North Dakota

North Dakota delivers a magnificent bounty to America’s dinner tables and agriculture is definitely a major theme here. If your meals include canola oil, flaxseed, lentils, sunflower seeds, wheat, or oats, they probably came from North Dakota’s rich farmland. Yet, there is so much more to the Peace Garden State.

Even though North Dakota is way up north in the United States, a marker in Rugby marks the Geographic Center of the North American Continent.    

The North Dakota Badlands in the southwestern part of the state appear to have dropped off the moon. The International Peace Garden straddles the border with Canada. From the end of the Ice Age, North Dakota was home to Native Americans who lived in sophisticated villages, some with more than 130 homes.
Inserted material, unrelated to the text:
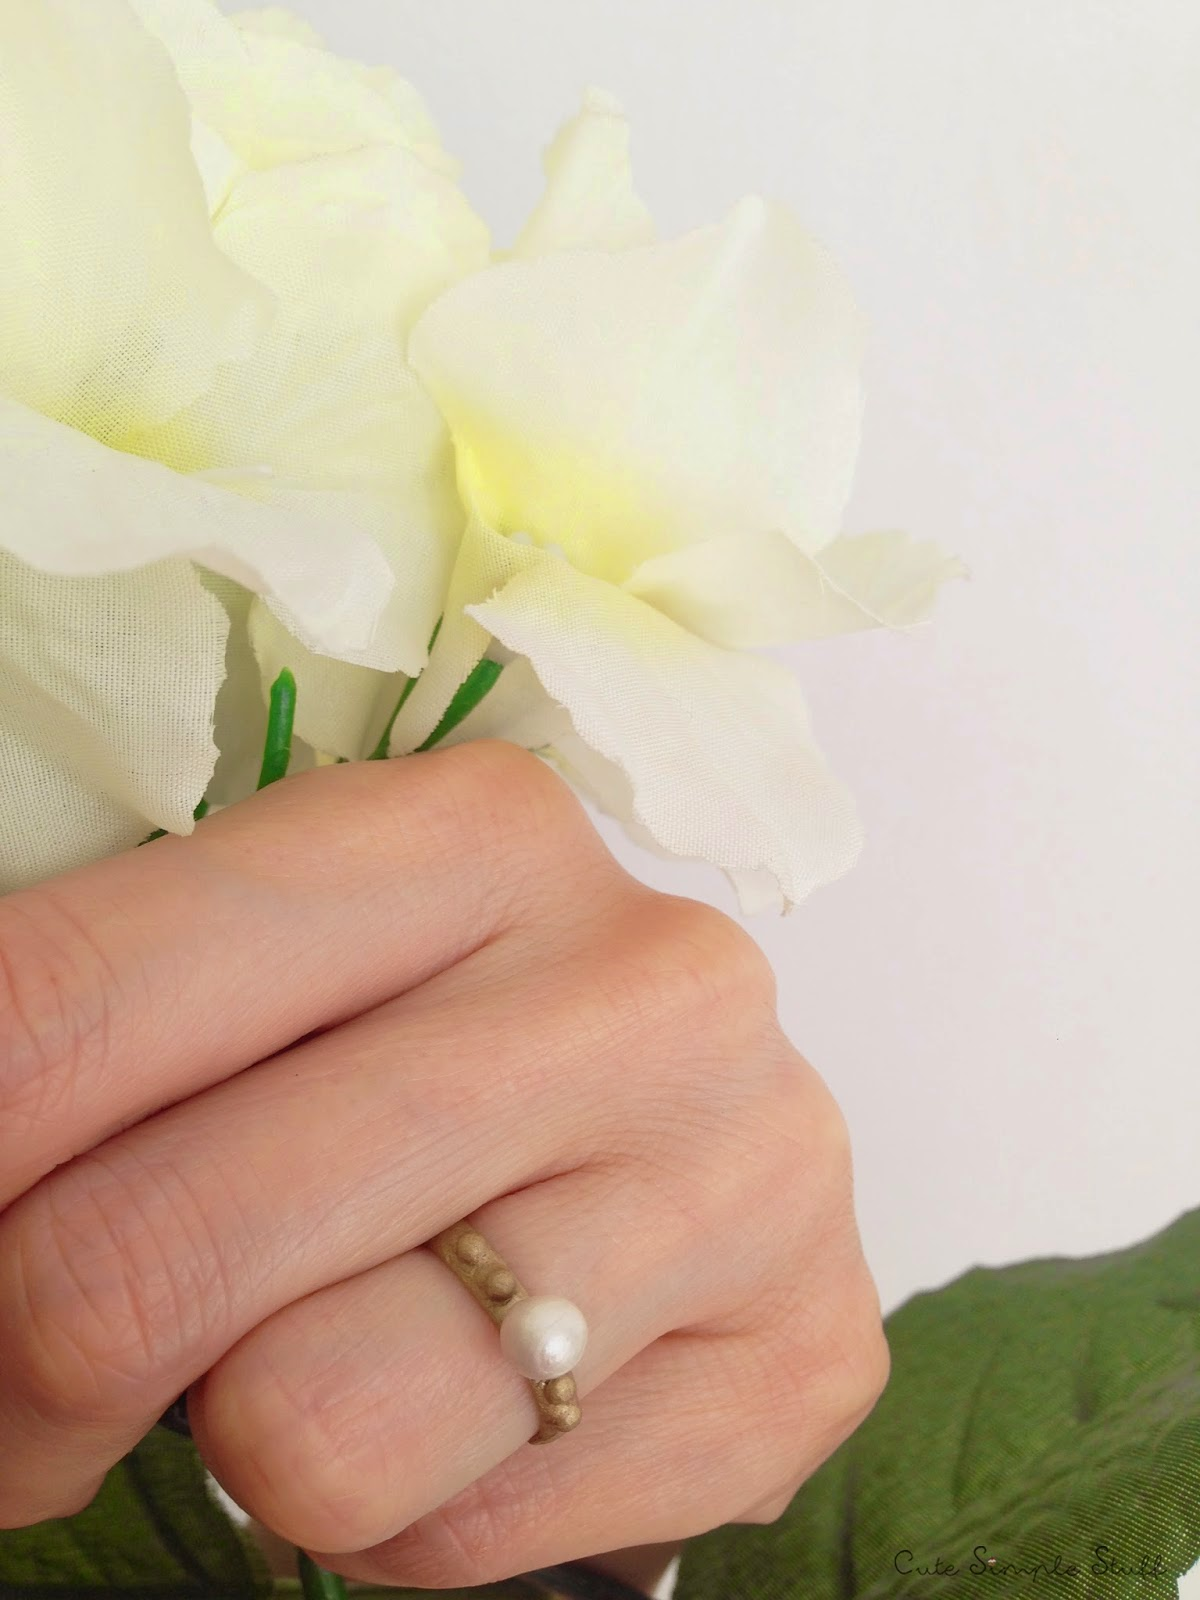 http://www.cutesimplestuff.com/2015/04/she-said-yes.html

They first met European explorers in 1738 who came south from the Hudson Bay Company. Lewis and Clark passed through the tallgrass prairie looking for a river route to the Pacific Ocean.

As you travel, you’ll delight in the mosaic of ethnic traditions on display, that include Scandinavians, making their fabulous baked goodies, mostly living in the east and north-central areas, German Mennonites, Hutterites, Catholics, Russian Germans, Ukrainians, and Poles, who brought their foodways to the south central area of North Dakota. English, Scots, and Irish came down from Canada to the northern part of the state, and Icelandic immigrants made their homes in the northeast corner.

The western part of the state is the territory of ranchers and cattle. The rugged, gloriously unspoiled vast silent spaces of the North Dakota Badlands and Theodore Roosevelt National Park are not to be missed. You’ll be traveling through billion-year-old landscapes thrashed by volcanoes, ice, and rushing water, which created hoodoos, stone monoliths and banded buttes with an array of beautiful colors punctuating their terrain.

Enjoy the variety of this unique American state.